We present a novel stereo matching network that utilizes transfer learning and a customized training strategy to optimize the model. Firstly, we select a prototype network to provide improved parameter initialization for the stereo matching task. Next, to address the issue of inadequate feature learning, we employ a pre-trained model on large-scale datasets to extract general features. These features are then filtered to construct cost volumes that capture the similarity between stereo pairs. Furthermore, we train a feature adapter to enhance the screening capability of features for stereo matching, thereby minimizing the interference from non-stereo matching learning parameters. In contrast to existing algorithms that rely on single-scale features for cost construction, our approach incorporates a domain adaptive cost optimization module that replaces the original module in the prototype. Additionally, to further refine the cost volumes, we adjust the disparity range. Finally, we obtain the final disparity map through a regression method. In summary, there are three contributions in our paper:

  • A domain adaptive stereo matching model for robots is proposed, which optimizes the stereo matching performance by grafting general features. Experiments conducted on multiple datasets and real-world scenes demonstrate that the model exhibits remarkable effectiveness across different domains.

  • To capture general feature information, a grafted feature extractor is introduced and adapted to the network using a feature adapter. Additionally, an adaptive cost optimization module is introduced, and a disparity score prediction module is designed to adaptively adjust the disparity search range to optimize the cost distribution.

  • A training strategy is proposed to train the prototype, feature adapter and domain adaptive cost optimization module, which provide better phased parameter initialization and update network parameters stage by stage, in addition, the training strategy of stereo matching is studied in this paper.
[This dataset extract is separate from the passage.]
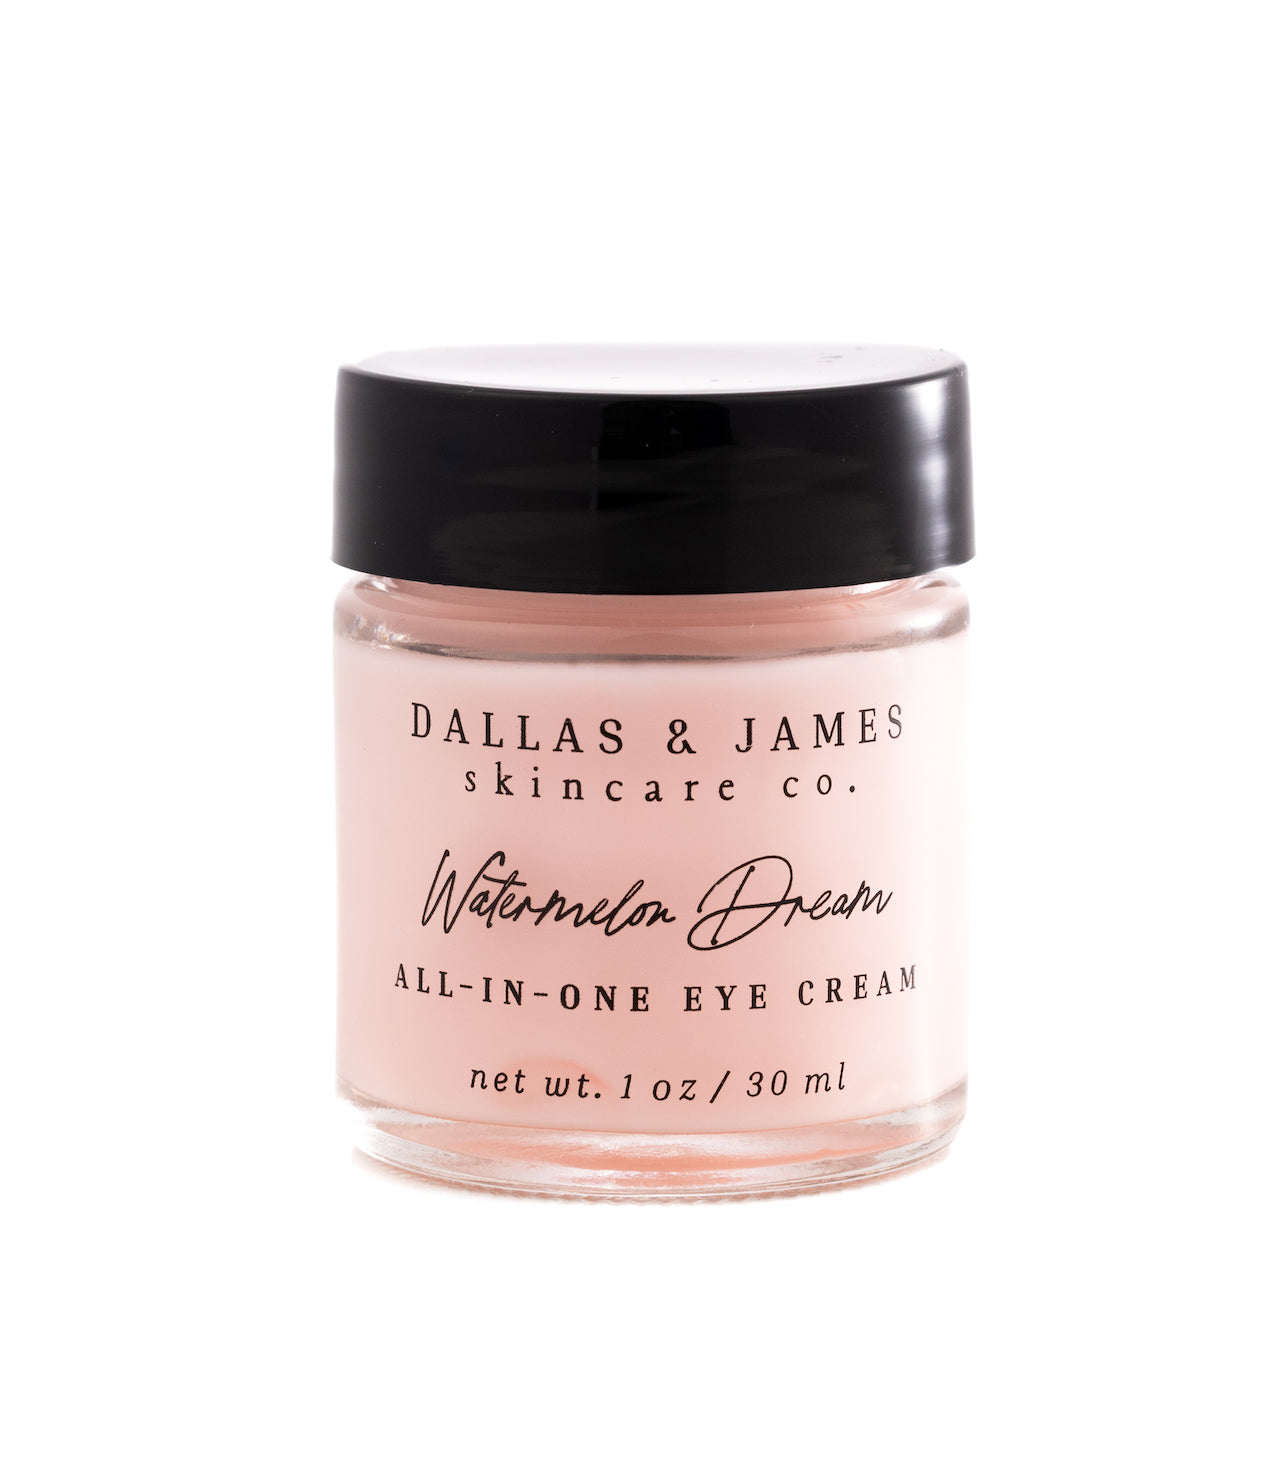 Dallas & James Skincare Co. Watermelon Dream All-In-One Eye Cream
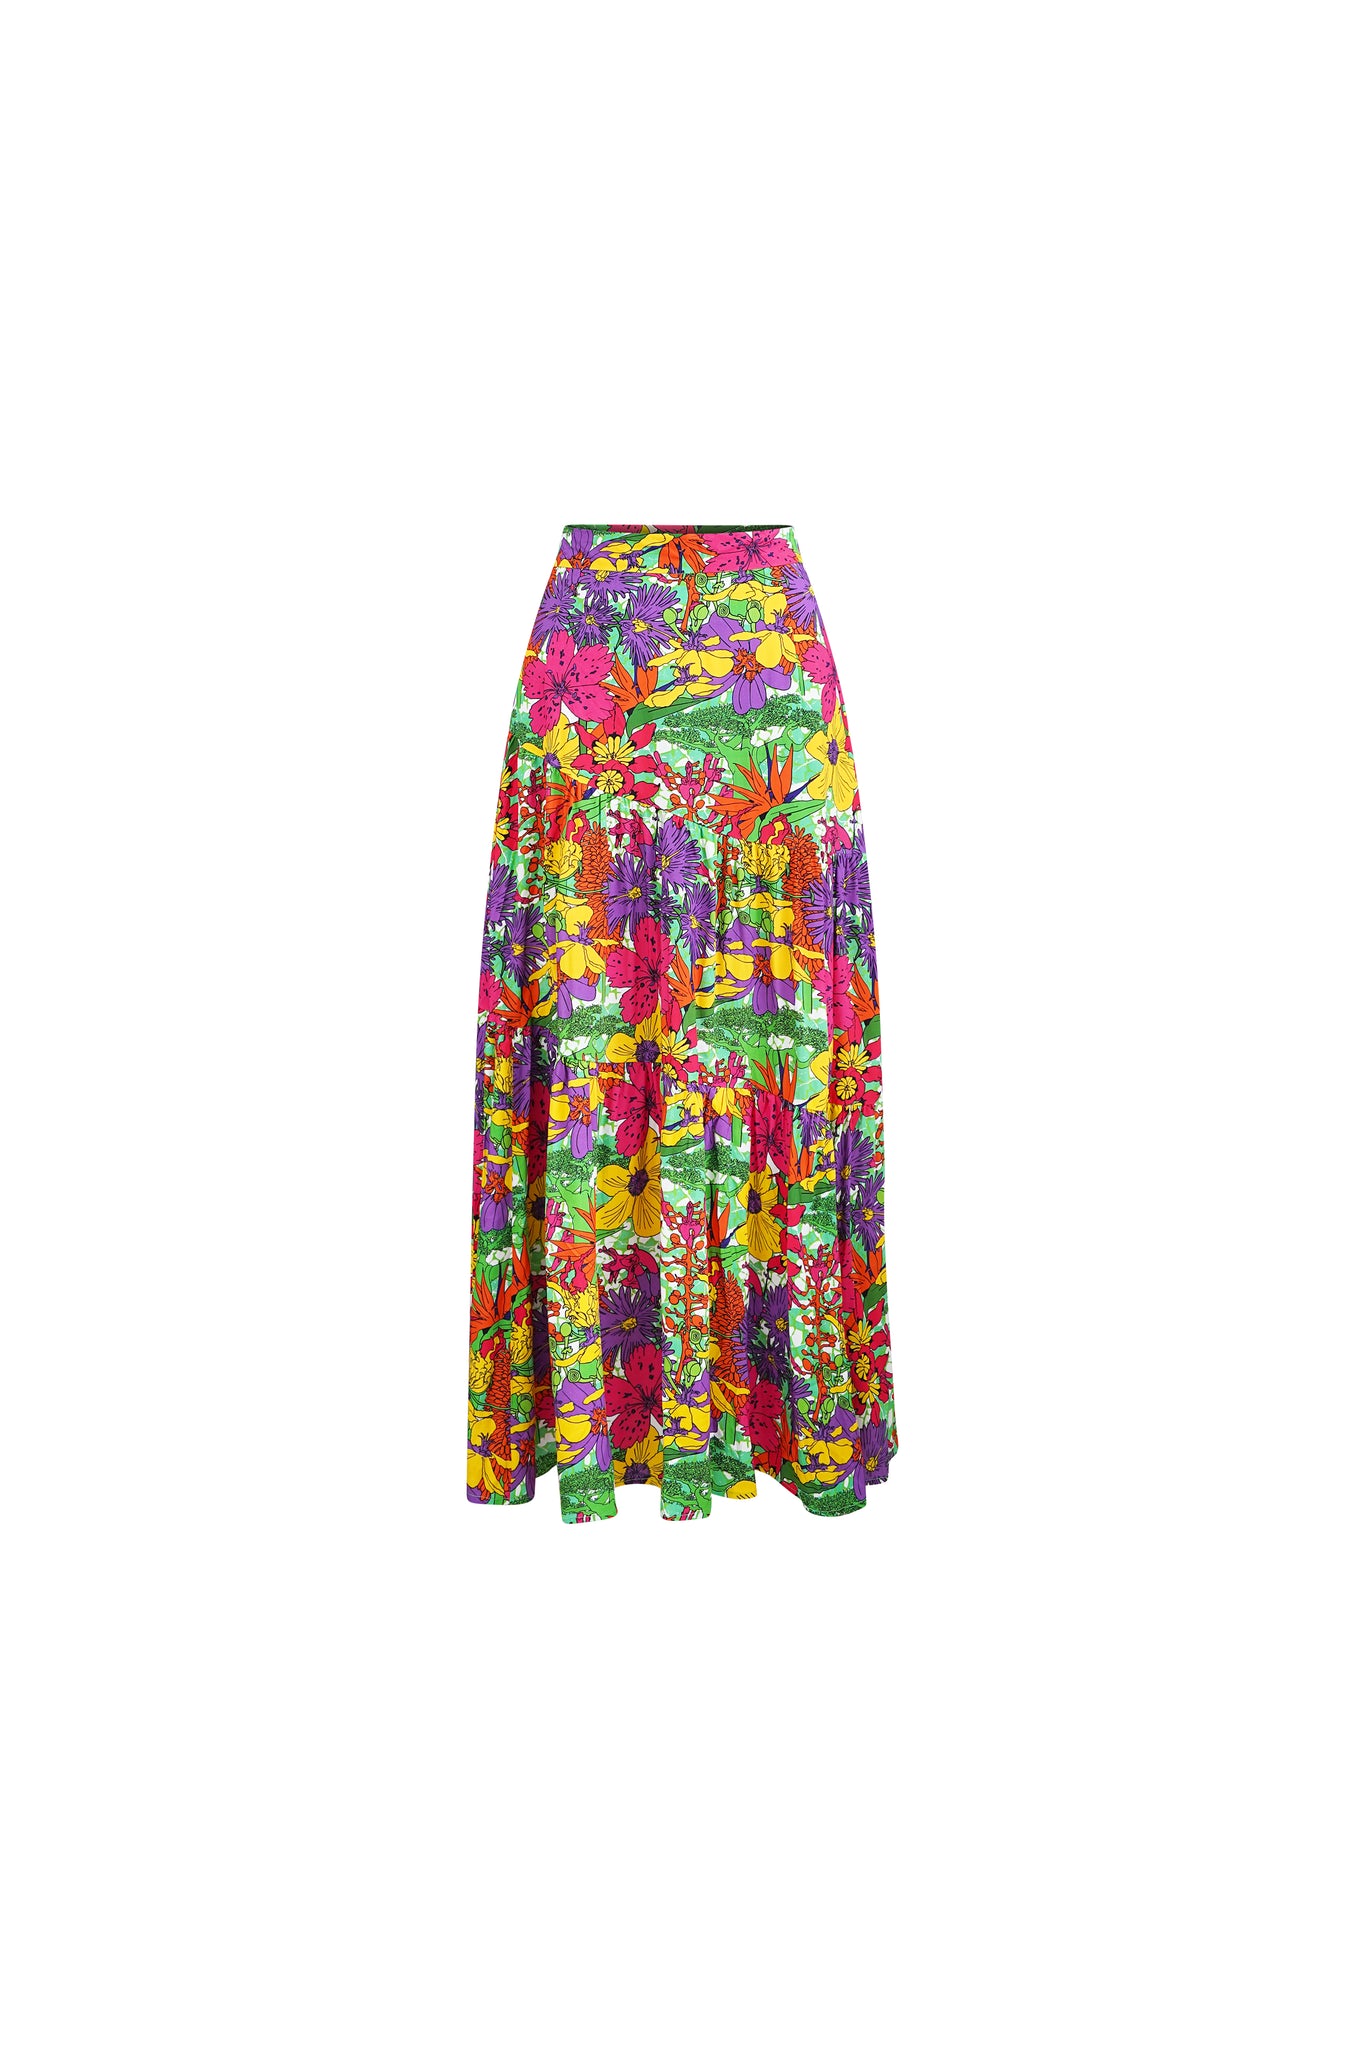 Zikora Maxi Skirt - Green Garden Mosaic Print | ILC OA OG

The paper is organized as follows. Section ”Related Works” presents the relevant background of stereo matching and introduces related work on traditional and deep-learning based algorithms for stereo matching. The implementation details of the proposed model (Ct-Net) are presented in Sect. ”Proposed Method”. Section ”Experimental Results and Discussions” provides details on the datasets used, experimental results, and discussions. Finally, the paper concludes with a summary and conclusion in Sect. ”Conclusion”.

Related works

To date, robots have been widely applied in various fields and played an undeniable role. Shankar et al.17 proposed a passive stereo depth system consisting of CNN and a sensor that is designed to ensure the robot’s workspace. The proposed method was tested on multiple scenes and demonstrated effective application for home robots. Yang et al.18 proposed a probabilistic framework for robotic bin scene reconstruction systems that utilize active stereo camera data. Lajoie et al.19 presented the Swarm-SLAM system for collaborative simultaneous localization and mapping, which can be effectively applied to swarm robotics. Yang et al.20 proposed a CNN-based binocular vision self-inpainting network for real-time stereo image inpainting of autonomous robots, achieving state-of-the-art performance on image inpainting. Shim et al.21 proposed an inspection robot and management system that utilizes stereo vision to inspect damage on concrete surfaces. Obasekore et al.22 developed a recognition algorithm that utilizes a CNN-based binocular vision system in their agricultural robot to detect early-developmental pest stages in agriculture. Similarly, Xiang et al.23 proposed a field-based robot that utilizes binocular vision and CNN to detect and characterize the leaf angle of maize plants.

Stereo matching is a technique that allows for the recovery of depth information from stereo images. By simulating the principle of visual perception of human eyes, only two digital cameras placed on the same horizontal line are required. The main process of stereo matching includes image preprocessing, matching cost construction, cost aggregation, and disparity acquisition. Disparity, which refers to the horizontal displacement of spatial points in stereo pairs, is obtained through stereo matching. The goal of the stereo matching task is to accurately obtain a disparity map from a pair of corrected binocular images.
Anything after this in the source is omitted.